Photosensitive neuron cells in the retina were able to respond to light and communicate with each other up to five hours after death, sending signals “resembling those recorded from living subjects”.

These neurons form part of the central nervous system (CNS), which includes the brain and spinal cord, suggesting that other cells in the CNS could be similarly restored and could bring back consciousness.

Scientists designed a special transportation unit that could restore oxygen and other nutrients to the eyes as soon as they were removed from the donor. Initial experiments saw scientists being able to revive the light-sensing cells, but they couldn’t get them to talk to each other due to a lack of oxygen.

The authors of the study, writing in the journal Nature, said: “We were able to wake up photoreceptor cells in the human macula, which is the part of the retina responsible for our central vision and our ability to see fine detail and colour.

“In eyes obtained up to five hours after an organ’s death, these cells responded to bright lights and even very dim flashes of light.”

The new findings go a step further than a 2019 Yale University study, in which scientists restarted the brains of 32 decapitated pigs slaughtered hours earlier.

Dr Frans Vinberg, an assistant professor of ophthalmology and visual sciences at the University of Utah, said: “In Yale’s case, coordinated population activity of neurons in pig brains could not be revived.

“In our case, we were able to revive population responses from photoreceptor cells even up to five hours after death in the human central retina, an important part of our central nervous system.

“We were able to make the retinal cells talk to each other, the way they do in the living eye.
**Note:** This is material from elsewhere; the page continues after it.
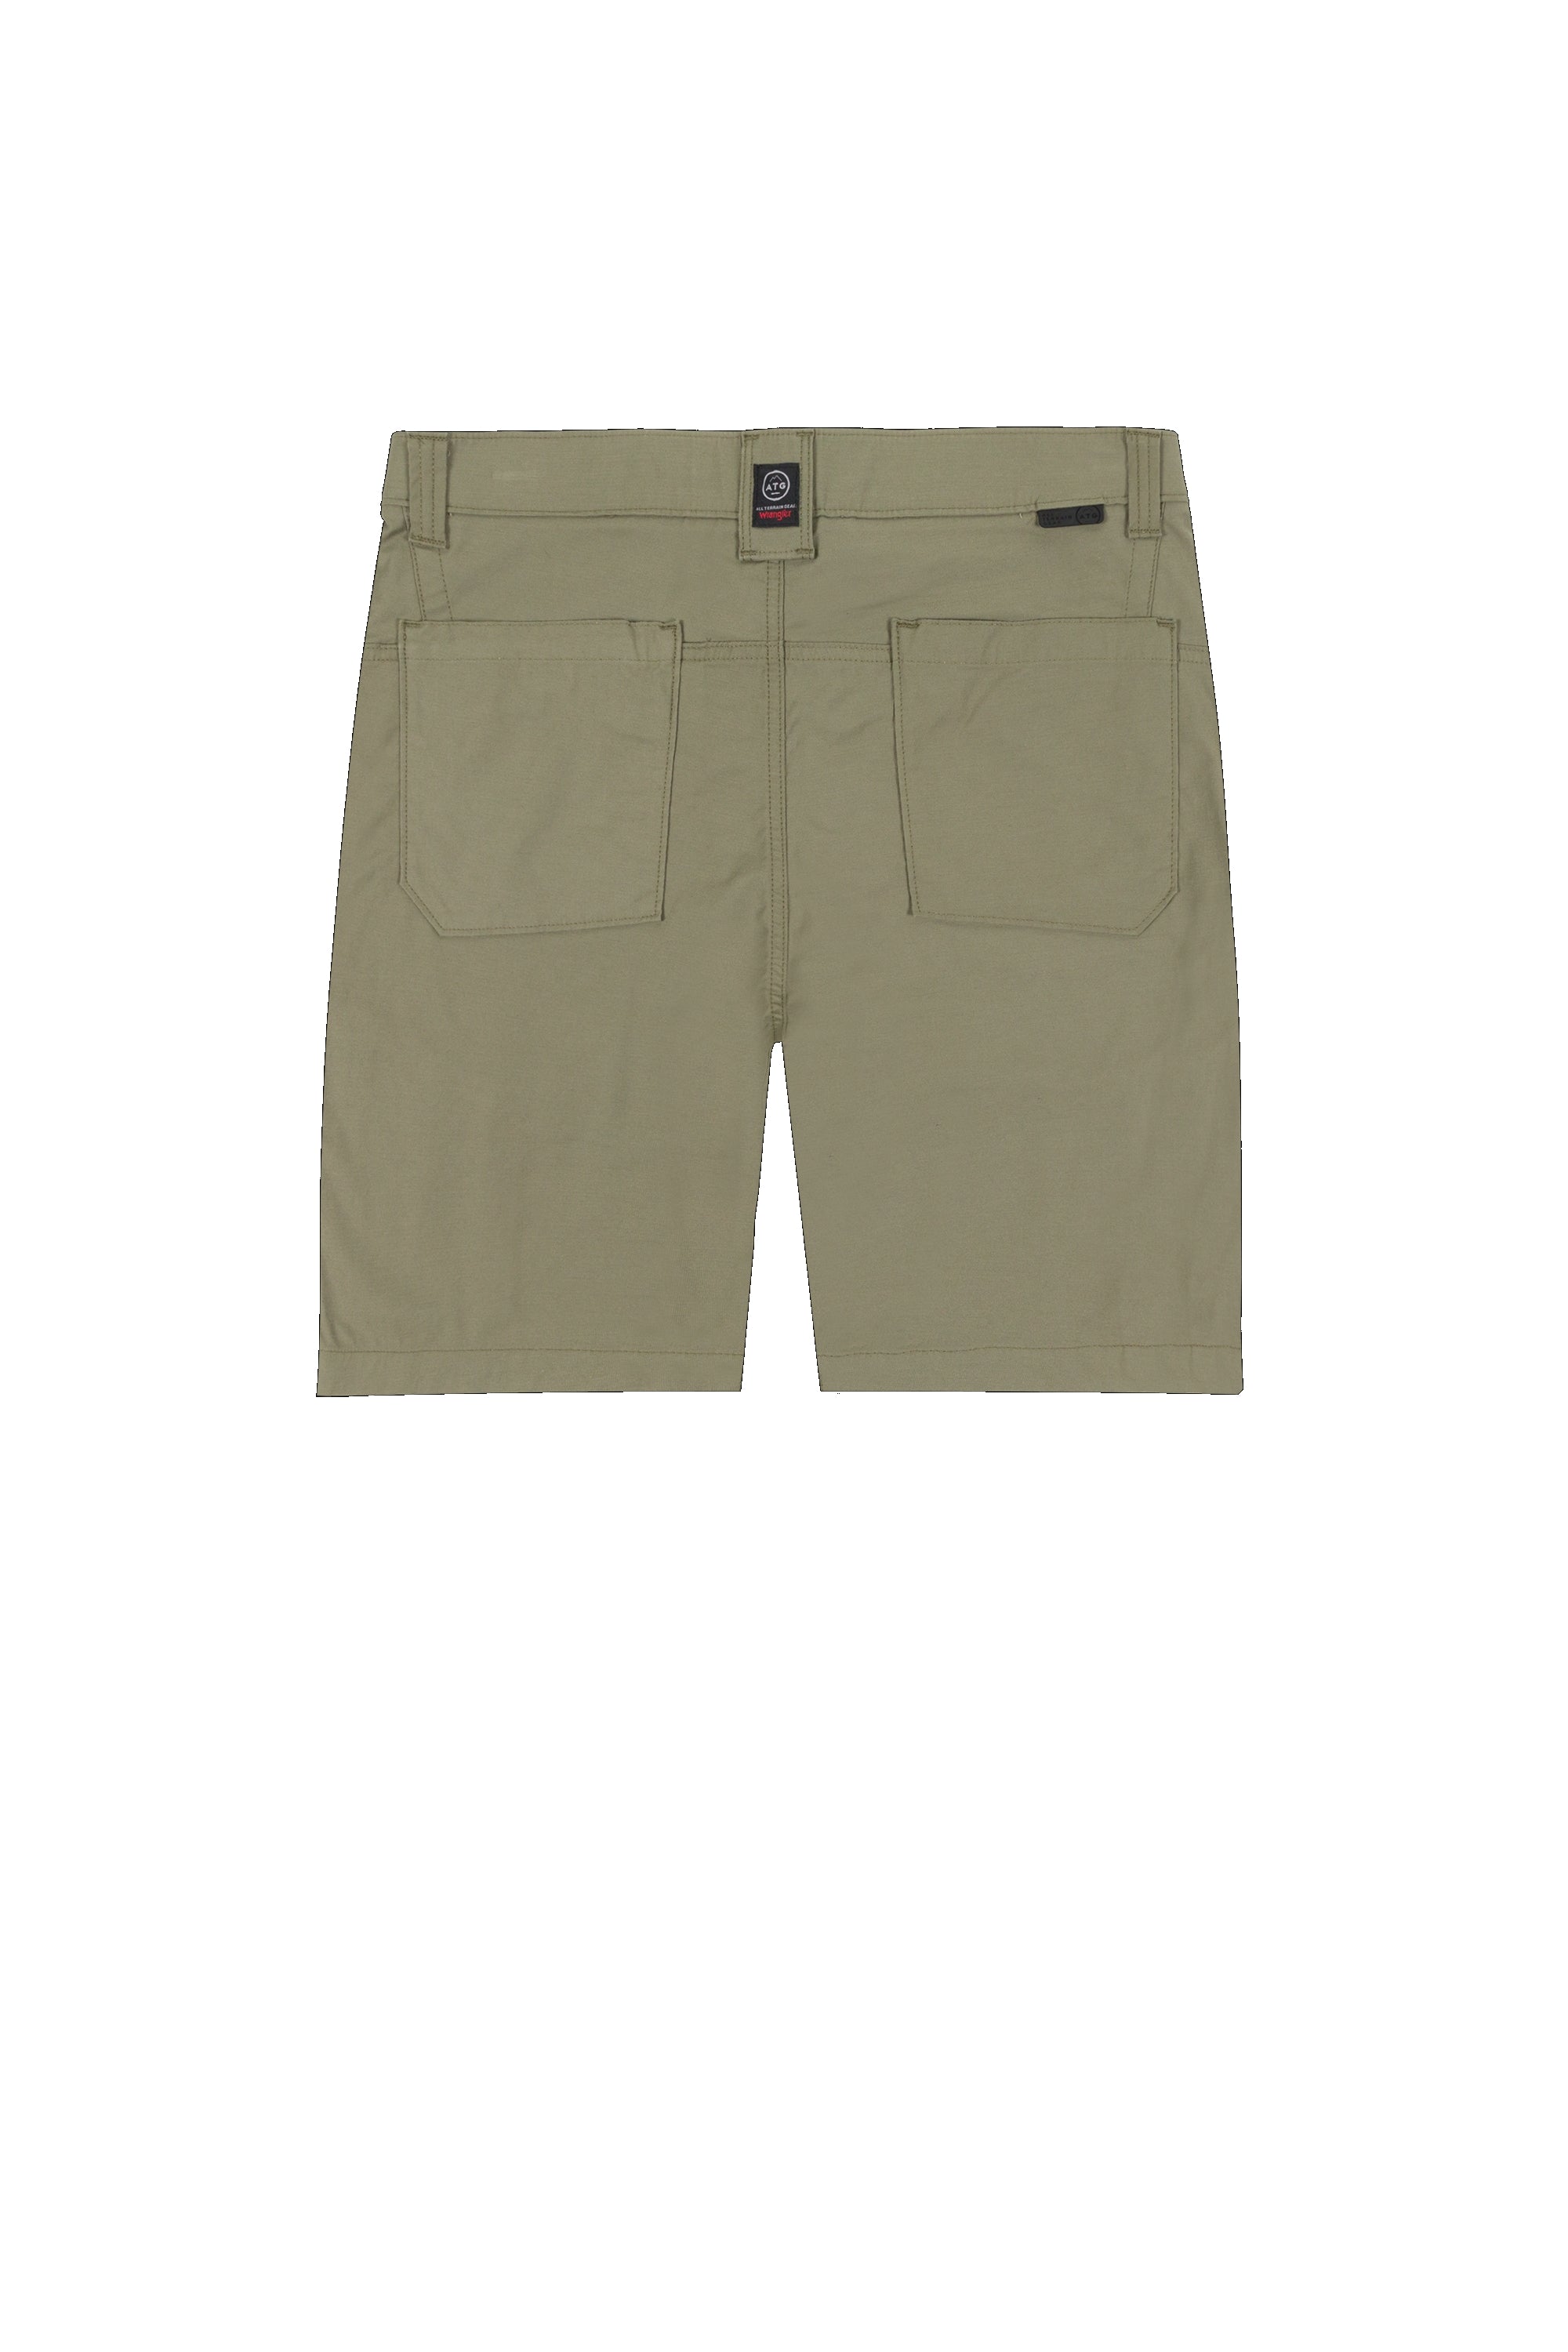 Rugged Trail Short in Dusty Olive Shorts Wrangler

Past studies have restored very limited electrical activity in organ donor eyes, but this has never been achieved in the macula, and never to the extent we have now demonstrated.

“Retina is part of our central nervous system so we think similar things might be seen also in the other parts of the brain.”

Researchers are hopeful the breakthrough will speed up new therapies for sight loss and improve the understanding of neurodegenerative diseases.